Certes, vous pouvez également utiliser votre Or et vos larbins dans vos forges pour améliorer armes et armures. L’idée de sacrifier sans remord vos compagnons afin qu’ils apportent une puissance magique à vos objets est très amusante mais elle est en pratique assez décevante vu que les rats continuent de vous mordre les pieds et que vos coups d’épées ne sont toujours pas dévastateurs.

Il est passé par ici, il repassera par là !

Au chapitre des choses qui agacent, il y a le GPS. Ou plus exactement, le manque de boussole, carte ou quoi que ce soit qui pourrait vous aider à vous orienter. Les environnements sont vastes, avec souvent des petits chemins qui cachent un chaudron plein d’Or ou une récompense quelconque.

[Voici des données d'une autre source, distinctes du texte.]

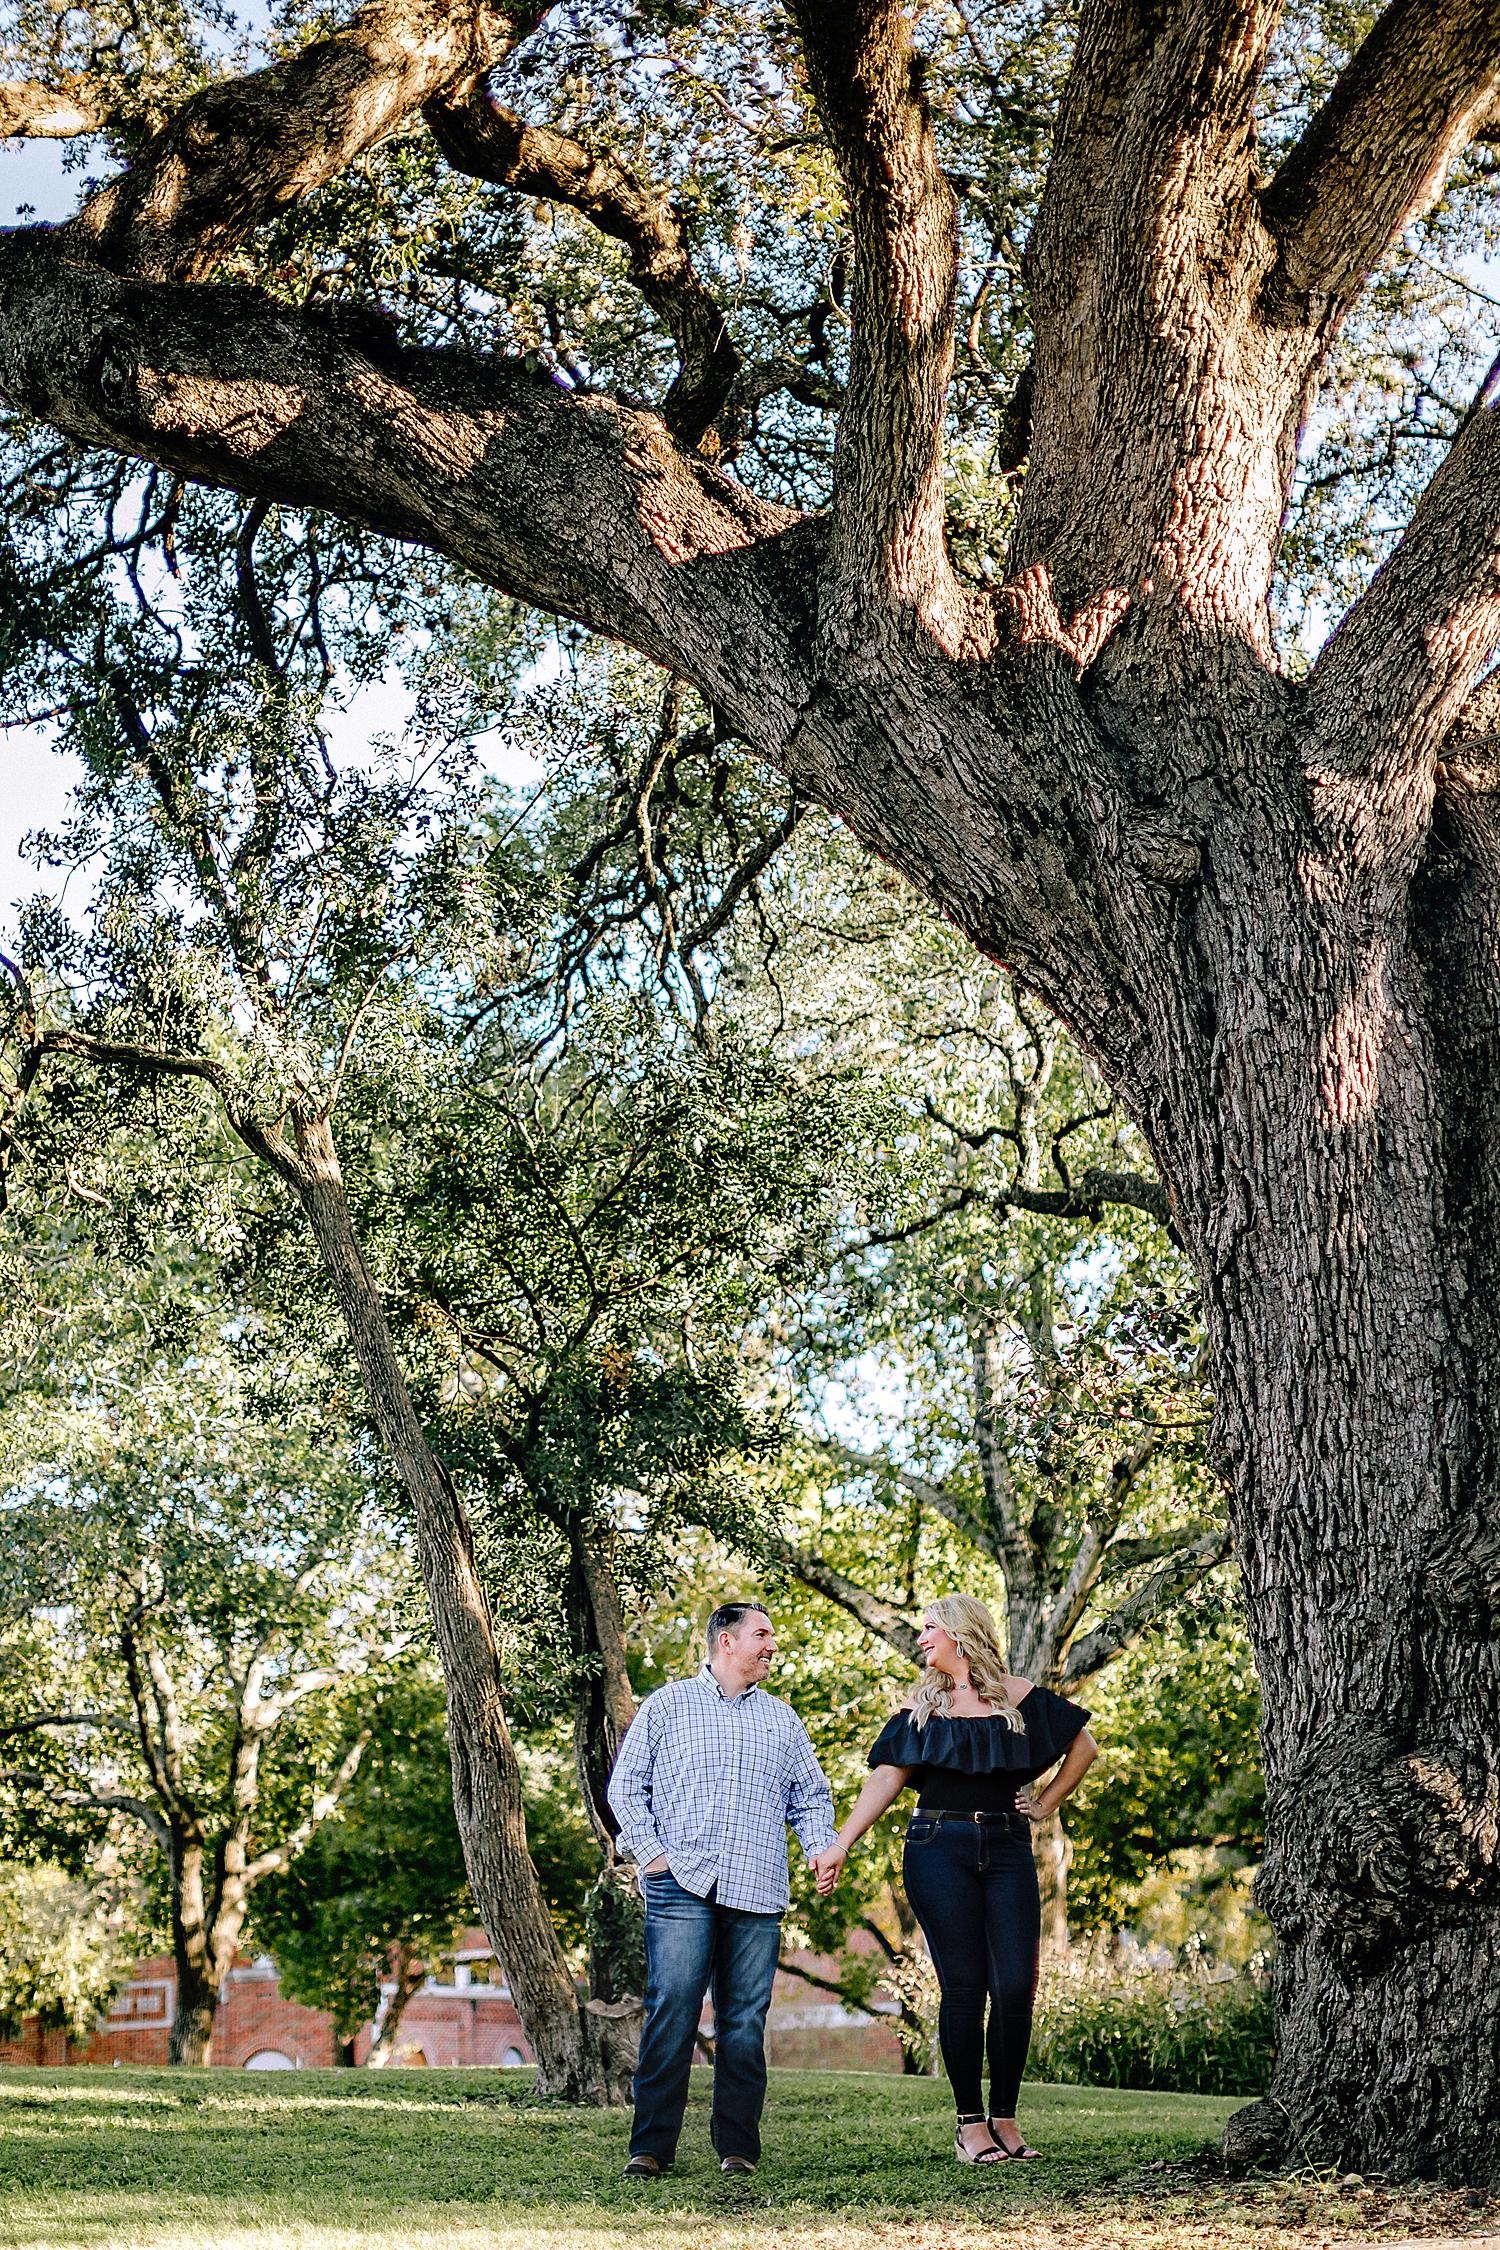 Engagement-Photo-Session-University-of-Incarnate-Word-UIW-San-Antonio-Texas-Carly-Barton-Photography_0025.jpg
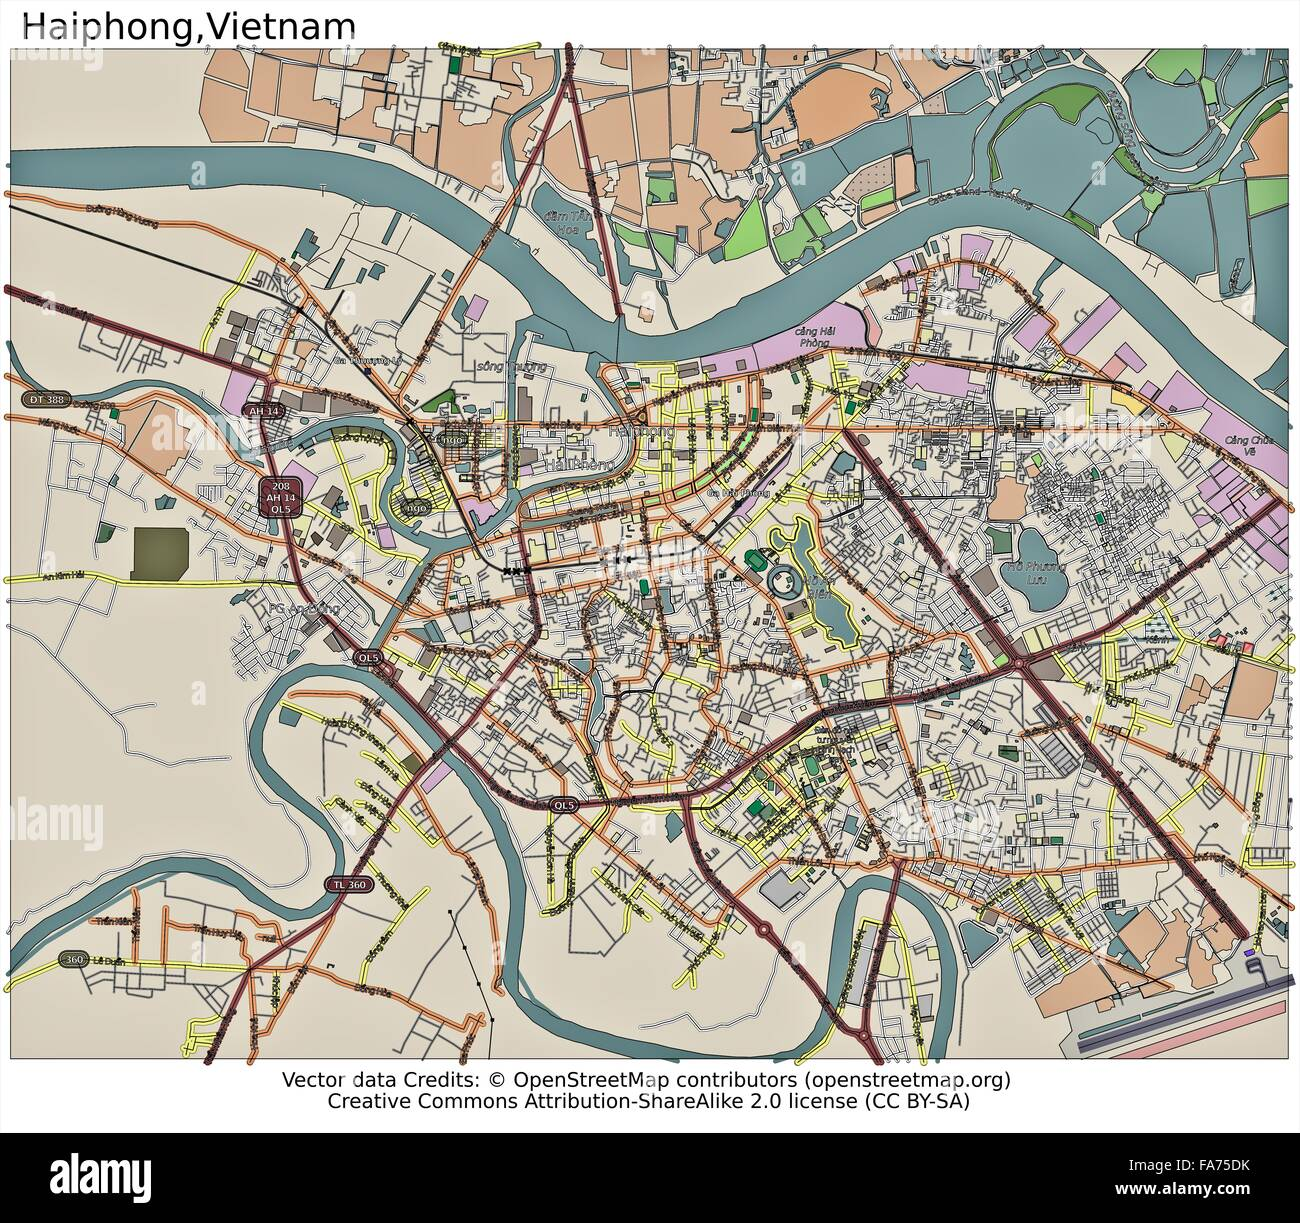 Haiphong Vietnam Map.Haiphong Vietnam Location Map Stock Photo 92356367 Alamy

Oui mais ici, c’est comme dans la vraie vie sans boussole. Il faut vraiment reconnaître son chemin pour ne pas se perdre et repasser 35 fois devant le même champ de citrouilles ou la même maison. Et il ne sert à rien de les détruire pour marquer son chemin comme le petit poucet. Si vous changez de lieu et que vous revenez par la suite, et bien tout sera aussi neuf qu’auparavant. Vous avez tué 30 moutons ? Il y en a d’autres ! Les maisons se réparent, les trésors sont de nouveau là et ainsi de suite. Alors, c’est pratique pour refaire le plein de larbins ou renflouer les caisses mais c’est d’un répétitif assommant.

Il en va un peu de même avec les missions qui s’enchaînent et qui ne se distinguent pas vraiment les unes des autres. Il s’agit principalement de dévaster tel endroit, de piller tout ce qui s’y trouve, de faire porter de lourds objets à vos larbins, d’actionner un mécanisme qui permet d’aller plus loin. L’influence de Pikmin est vraiment ultra présente dans ce titre sauf que le level design manque des subtilités de son aîné.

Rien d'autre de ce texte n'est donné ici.